2.1.2. De bewoning van het bijgebouw is niet in strijd met de aan het perceel gegeven bestemming "Woondoeleinden" en de daarbij behorende doeleindenomschrijving. Voorts kan, anders dan het college betoogt, uit artikel 15, derde lid, aanhef en onder a, van de planvoorschriften niet worden afgeleid dat het in strijd is met het bestemmingsplan om het bijgebouw als woning te gebruiken, ook niet gelezen in samenhang met de in de planvoorschriften neergelegde begripsbepalingen voor een hoofd- en een bijgebouw. Daarbij wordt in aanmerking genomen dat artikel 15, derde lid, aanhef en onder a, is geplaatst onder het opschrift "Bouwvoorschriften". Die bepaling bevat dan ook uitsluitend een voorschrift voor bouwen op de als "Woondoeleinden" aangewezen gronden en is, gelet op artikel 44, eerste lid, aanhef en onder c, van de Woningwet, van betekenis voor toetsing van aanvragen om bouwvergunning aan het bestemmingsplan.
De rechtbank heeft terecht geoordeeld dat de bewoning van het bijgebouw niet in strijd is met artikel 26, eerste lid, van de planvoorschriften.
2.2. Het hoger beroep is ongegrond. De aangevallen uitspraak dient te worden bevestigd.
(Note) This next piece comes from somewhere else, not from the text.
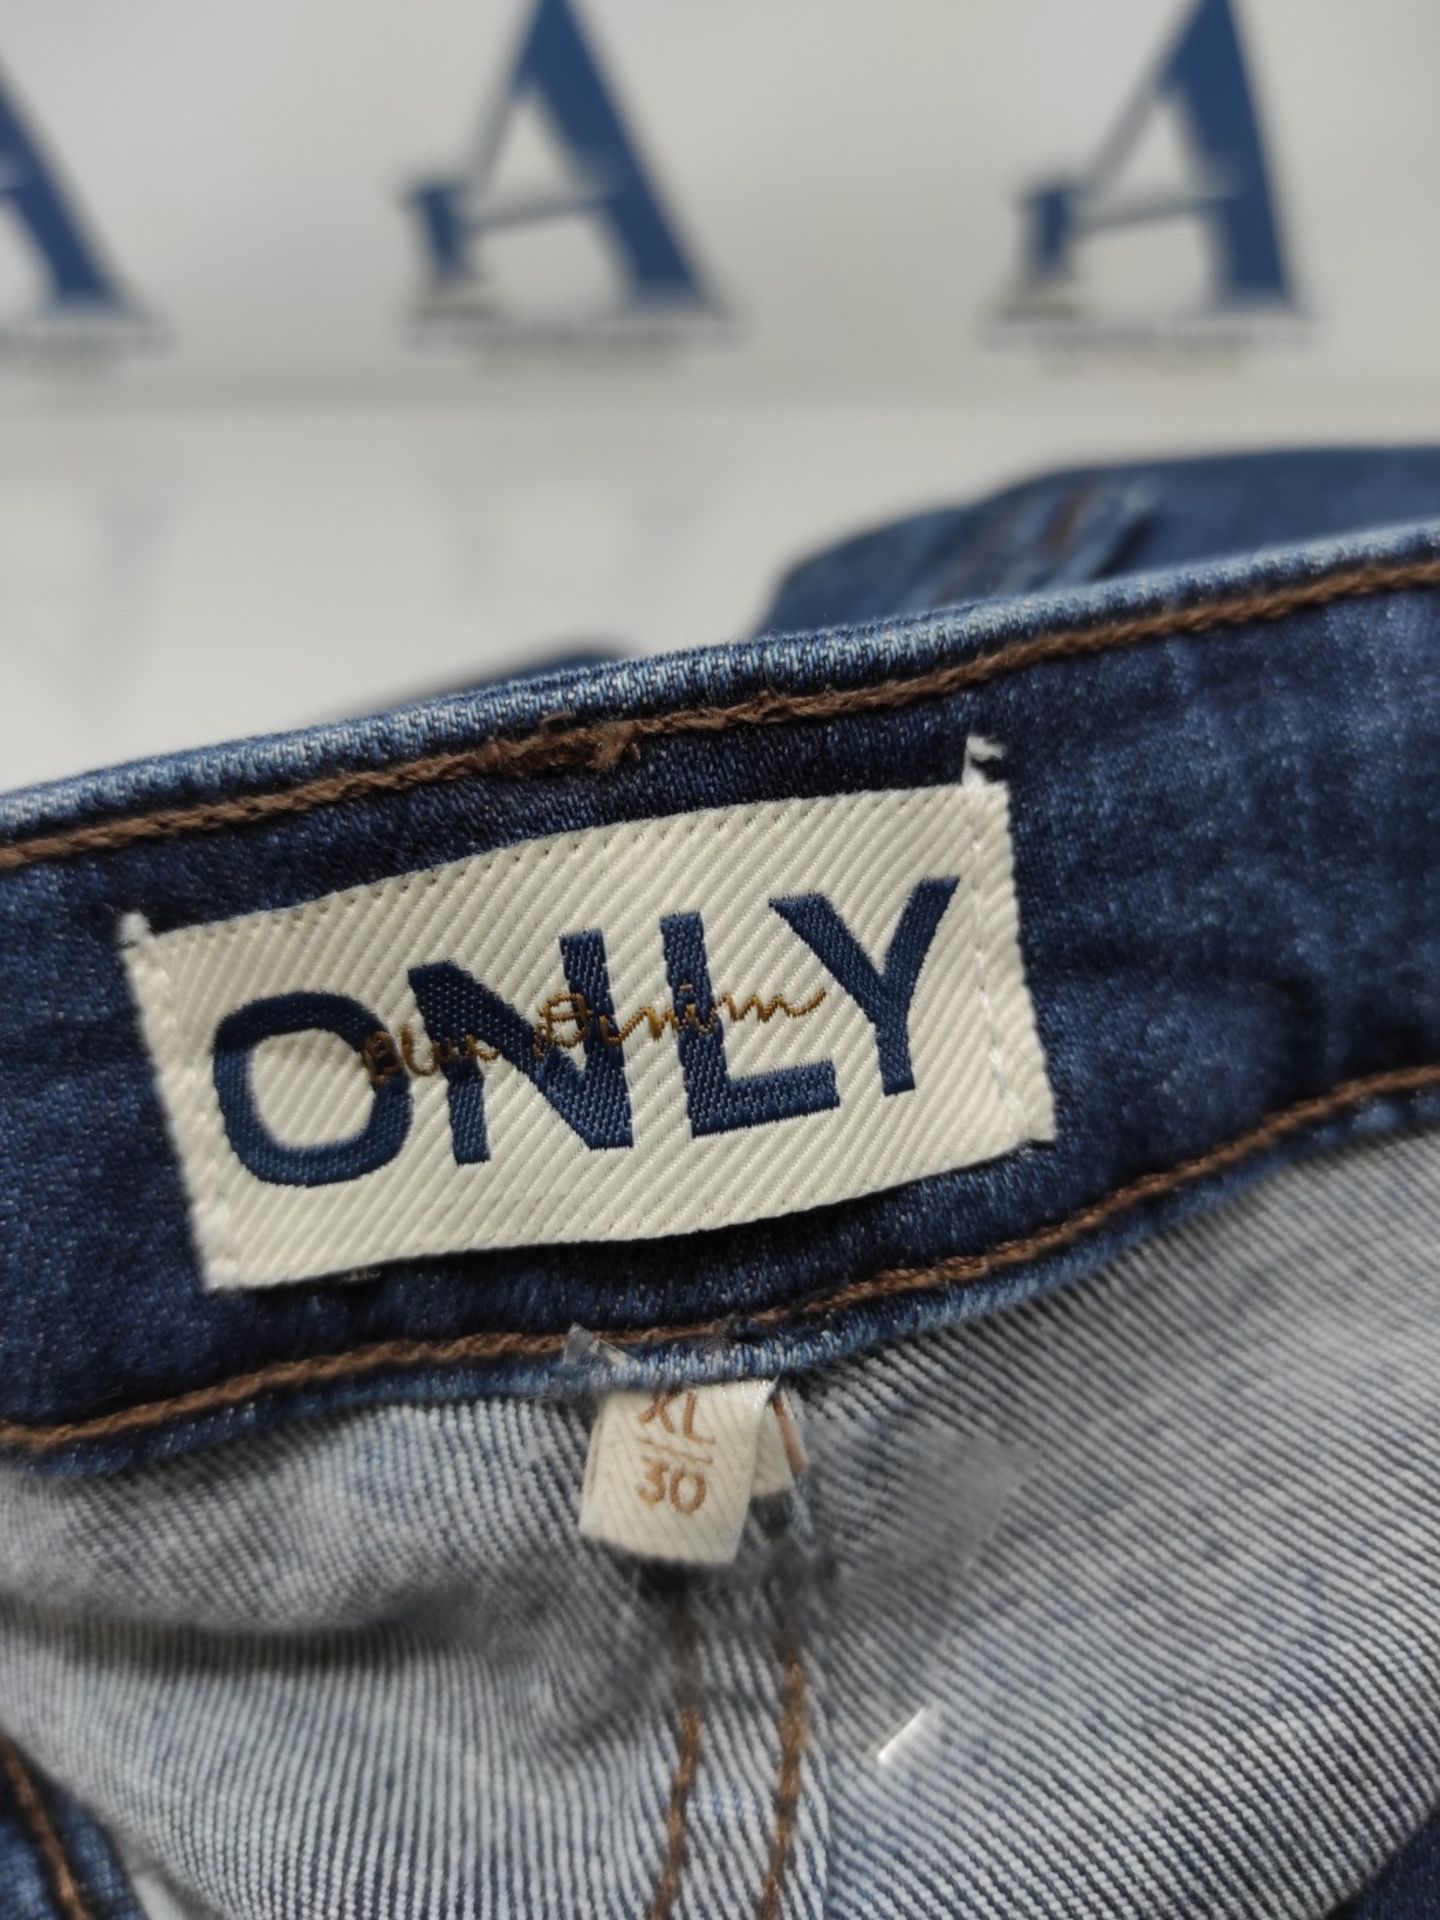 ONLY Women's Jeans, 30XL - Bild 3 aus 3

2.3. Het college dient op na te melden wijze in de proceskosten te worden veroordeeld.
3. Beslissing
De Afdeling bestuursrechtspraak van de Raad van State
Recht doende in naam der Koningin:
I. bevestigt de aangevallen uitspraak;
II. veroordeelt het college van burgemeester en wethouders van Oudewater tot vergoeding van bij [wederpartij] in verband met de behandeling van het hoger beroep opgekomen proceskosten tot een bedrag van € 644,00 (zegge: zeshonderdvierenveertig euro), geheel toe te rekenen aan door een derde beroepsmatig verleende rechtsbijstand; het dient door de gemeente Oudewater aan [wederpartij] onder vermelding van het zaaknummer te worden betaald.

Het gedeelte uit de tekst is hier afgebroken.